4.3 The main mechanisms of hyperbaric oxygen in stroke

Hyperbaric oxygen therapy (HBOT) increases dissolved oxygen content in plasma and extends oxygen diffusion distance, enabling rapid oxygen delivery to ischemic regions and improving tissue oxygenation to preserve neurological function. The “normobaric oxygen paradox” or “hyperoxia-hypoxia paradox” plays a crucial role in HBOT's therapeutic effects (50, 51). During HBOT, oxygen levels increase from 21 to 100%, then return to 21% post-treatment. This paradox describes how cells detect oxygen fluctuations through specific chemoreceptors, triggering hypoxia-induced cellular cascades that enable intermittent hyperoxia to promote tissue regeneration without hypoxia-related damage (51).

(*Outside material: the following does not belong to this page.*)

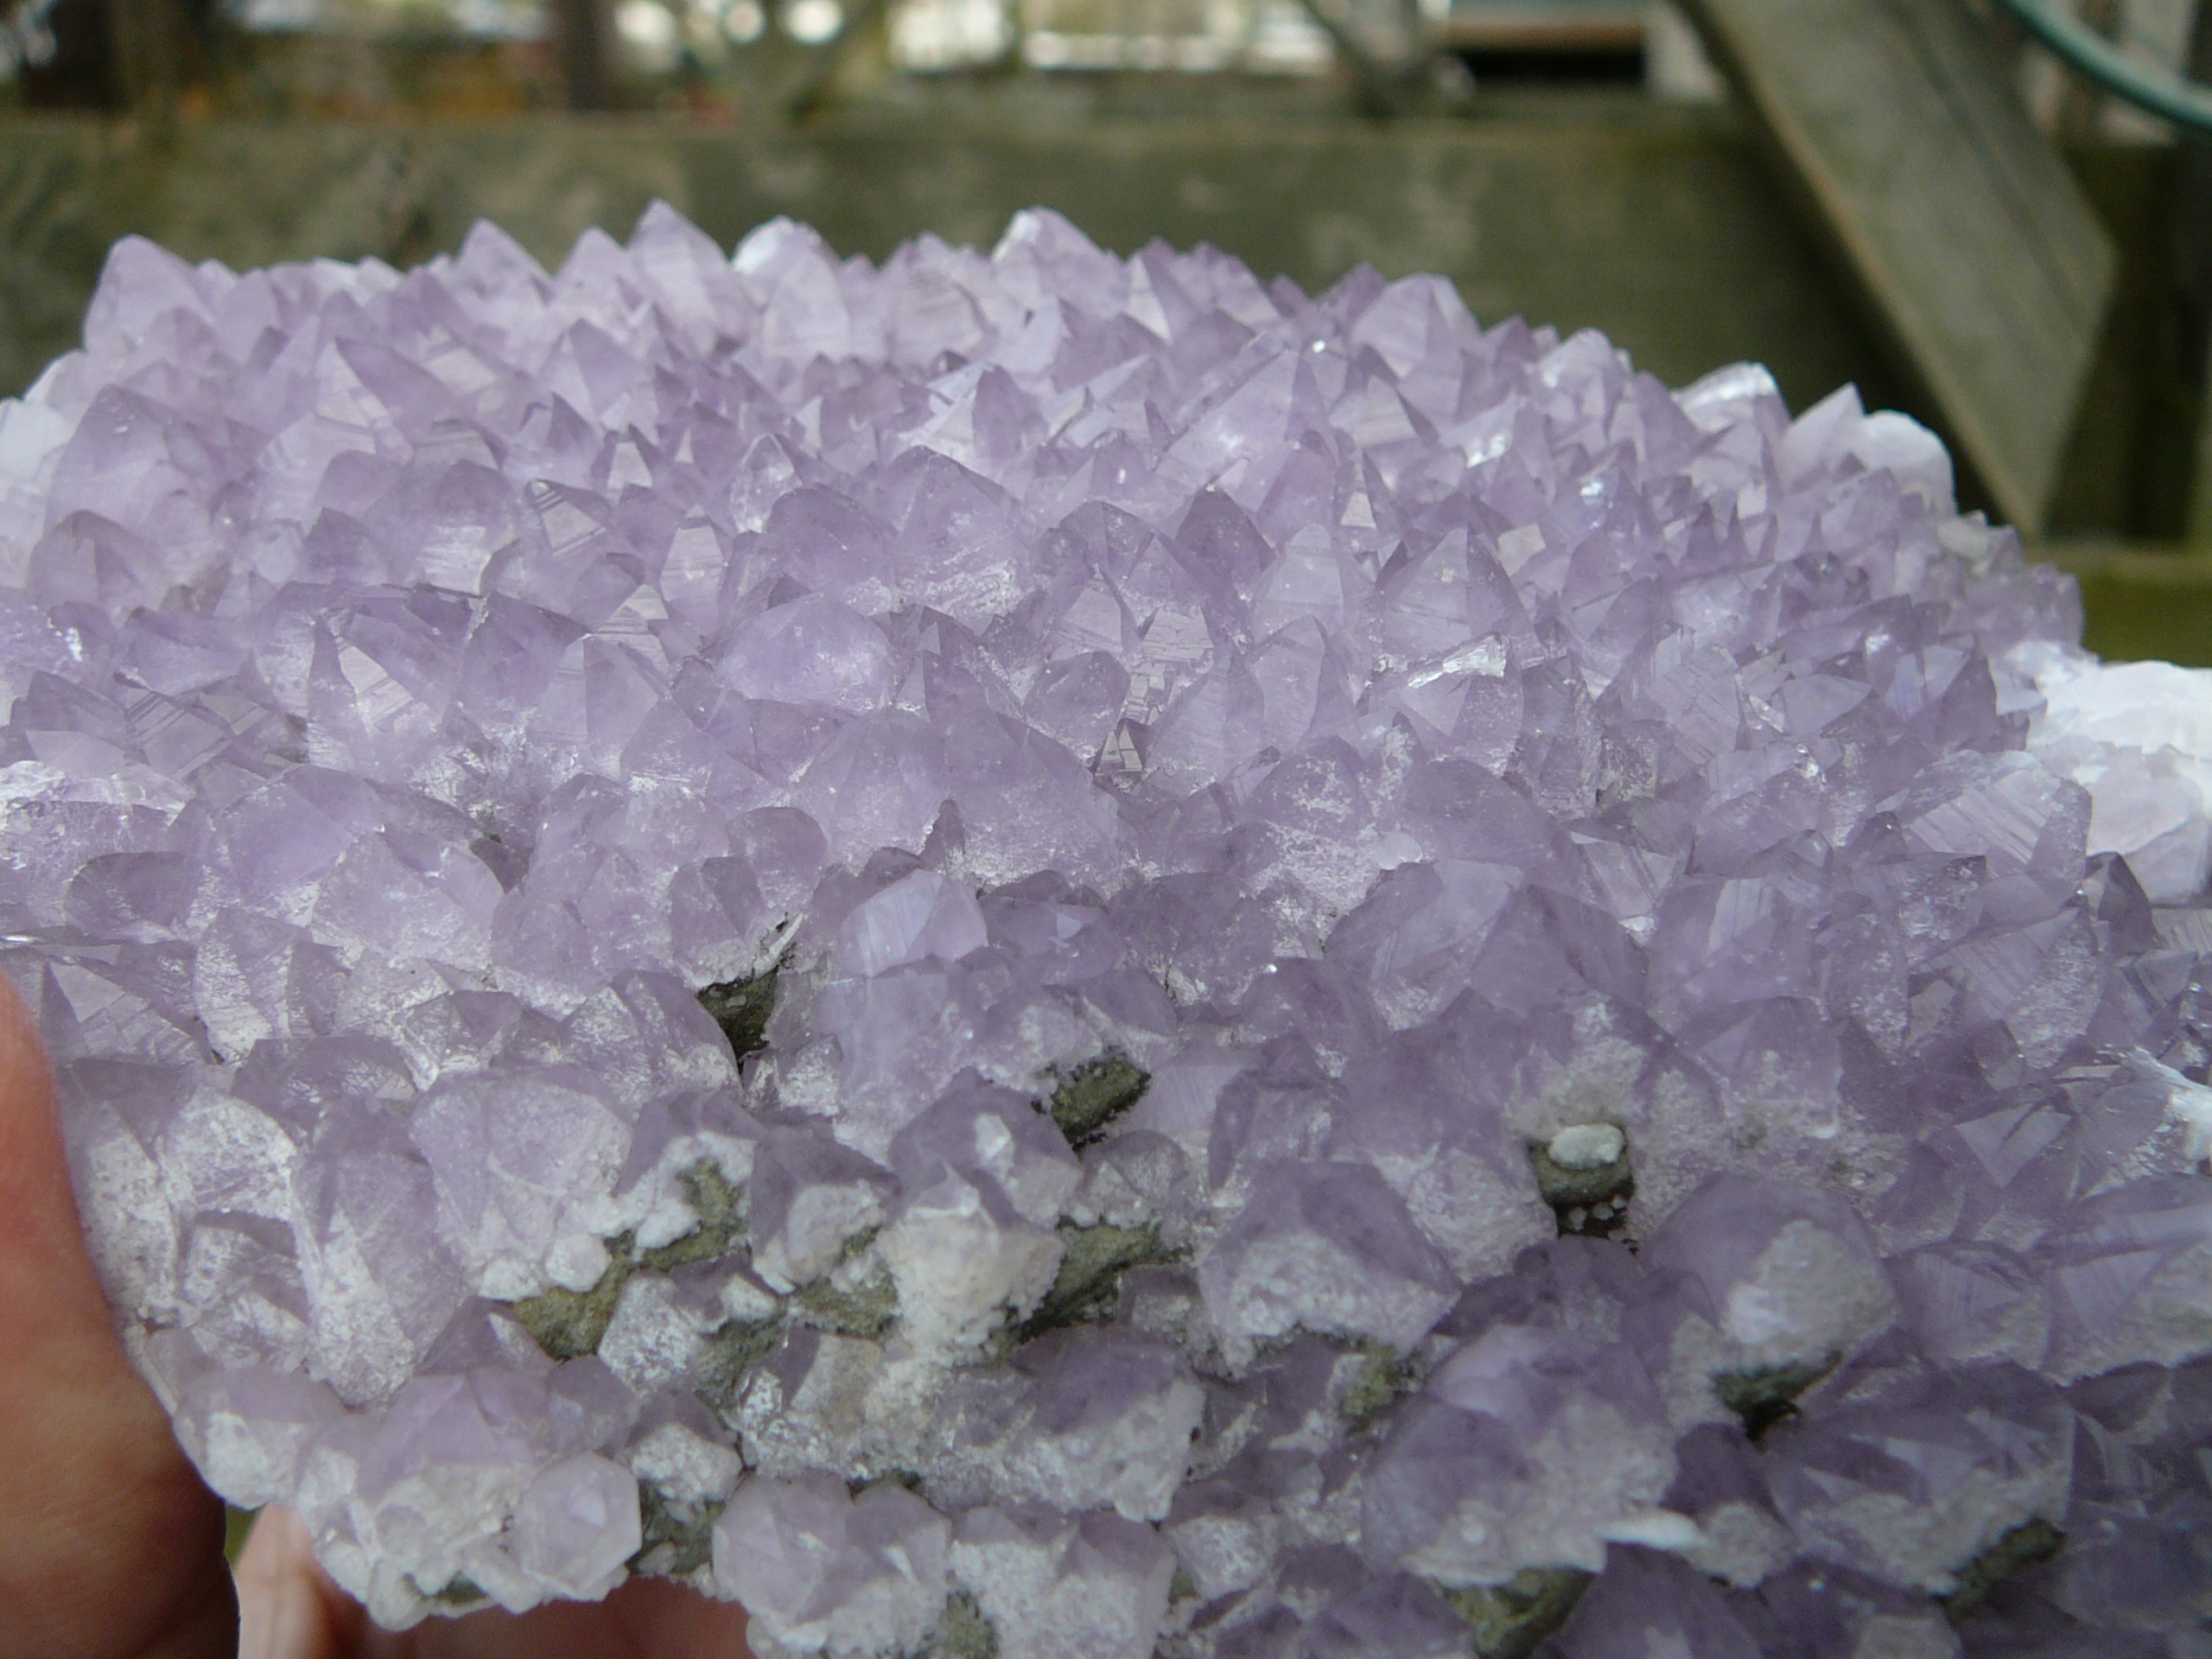 Quartz (var. Amethyst), chalcopyrite

Elevated oxygen concentrations induce various mediators and cellular matrices required for regeneration during hypoxia, including upregulation of oxygen-sensitive genes and activation of cellular repair processes (52, 53).

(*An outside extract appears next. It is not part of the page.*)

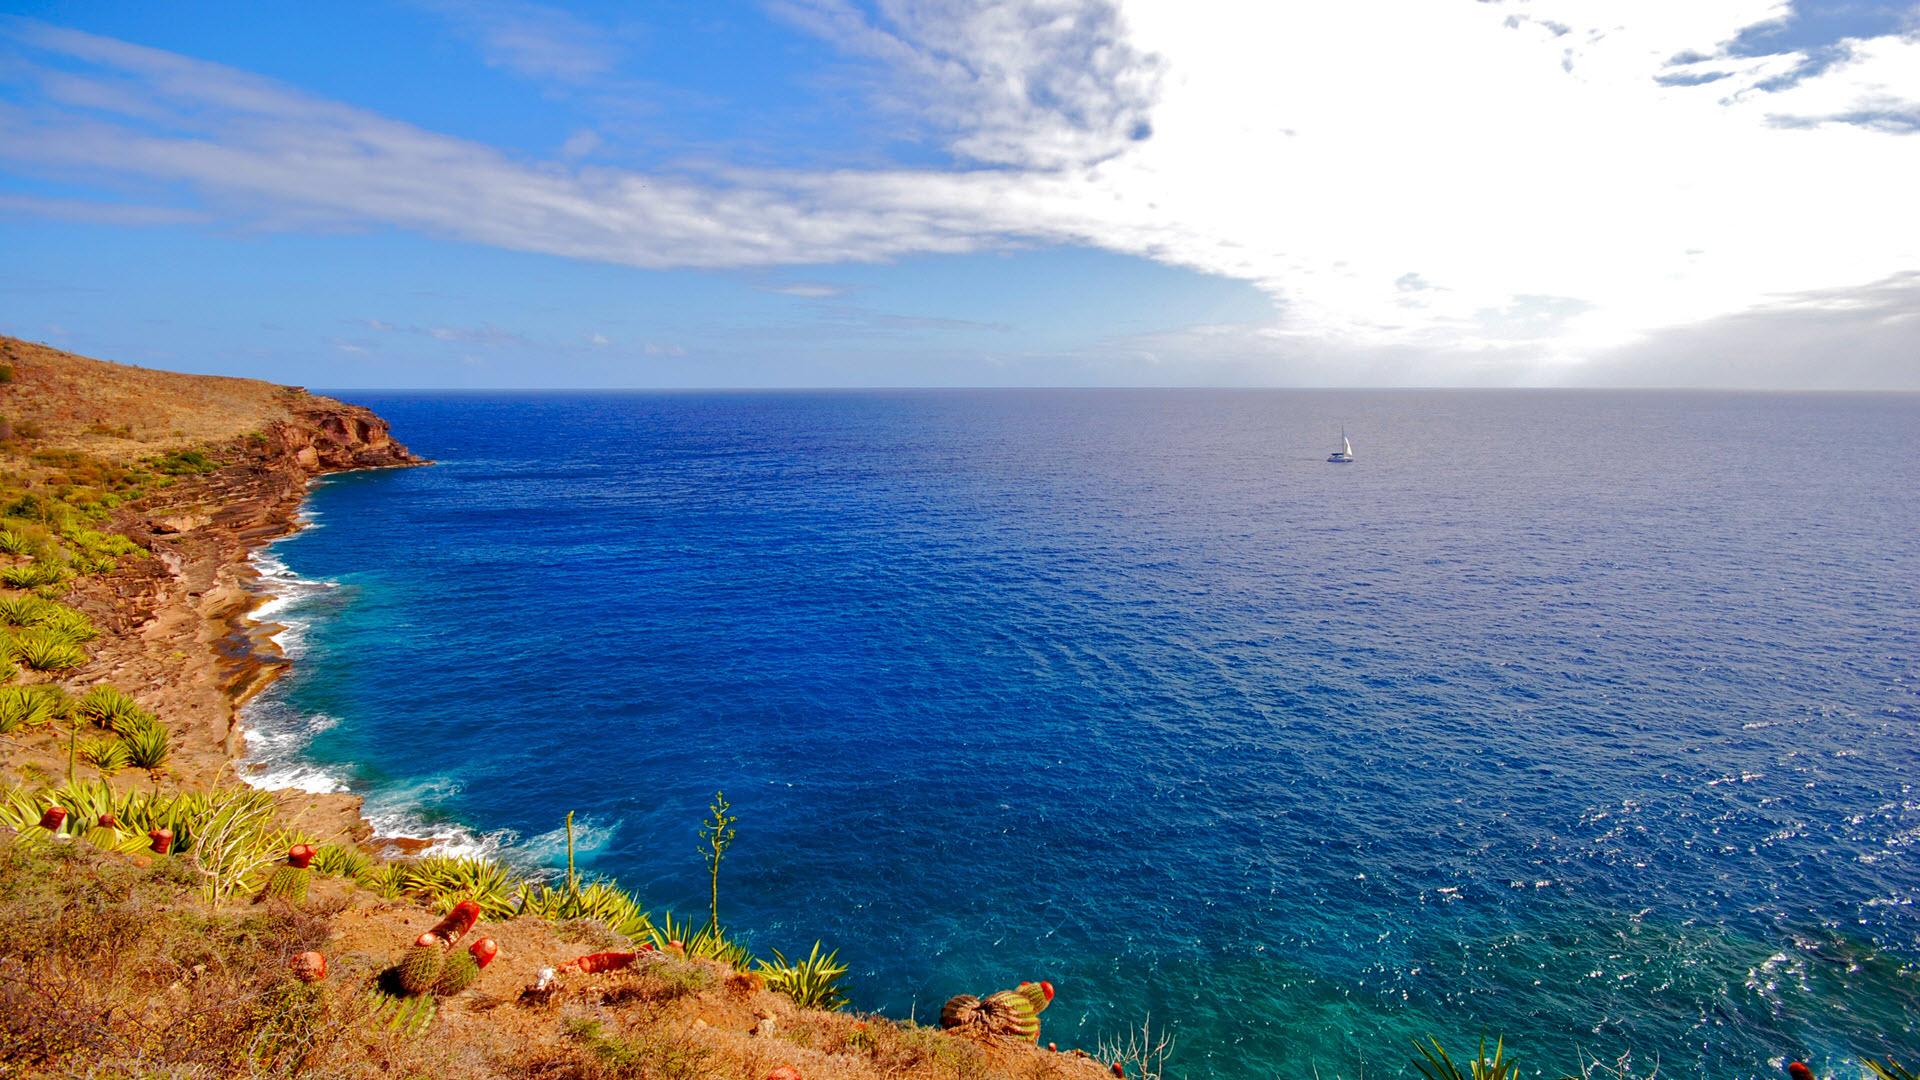 Sea Images Free Download wallpaper hd

Research indicates HBOT exerts neuroprotective effects through multiple pathways. The primary mechanisms by which HBOT improves stroke outcomes include: (1) stimulating expression of neurotrophic factors in ischemic stroke (IS) rats, promoting bone marrow mesenchymal stem cell homing to ischemic brain regions and enhancing cellular repair (54); (2) increasing antioxidant enzymes and glutathione metabolism while reducing oxidative stress, thereby decreasing cerebral infarction volume after ischemia-reperfusion injury (55); (3) inhibiting neutrophil infiltration into infarcted areas, attenuating blood-brain barrier damage, and reducing inflammatory cytokines to mitigate neuroinflammation (56); (4) downregulating hypoxia-inducible factor-1 (HIF-1) and its downstream effector proteins to suppress neuronal apoptosis and inflammatory responses (57).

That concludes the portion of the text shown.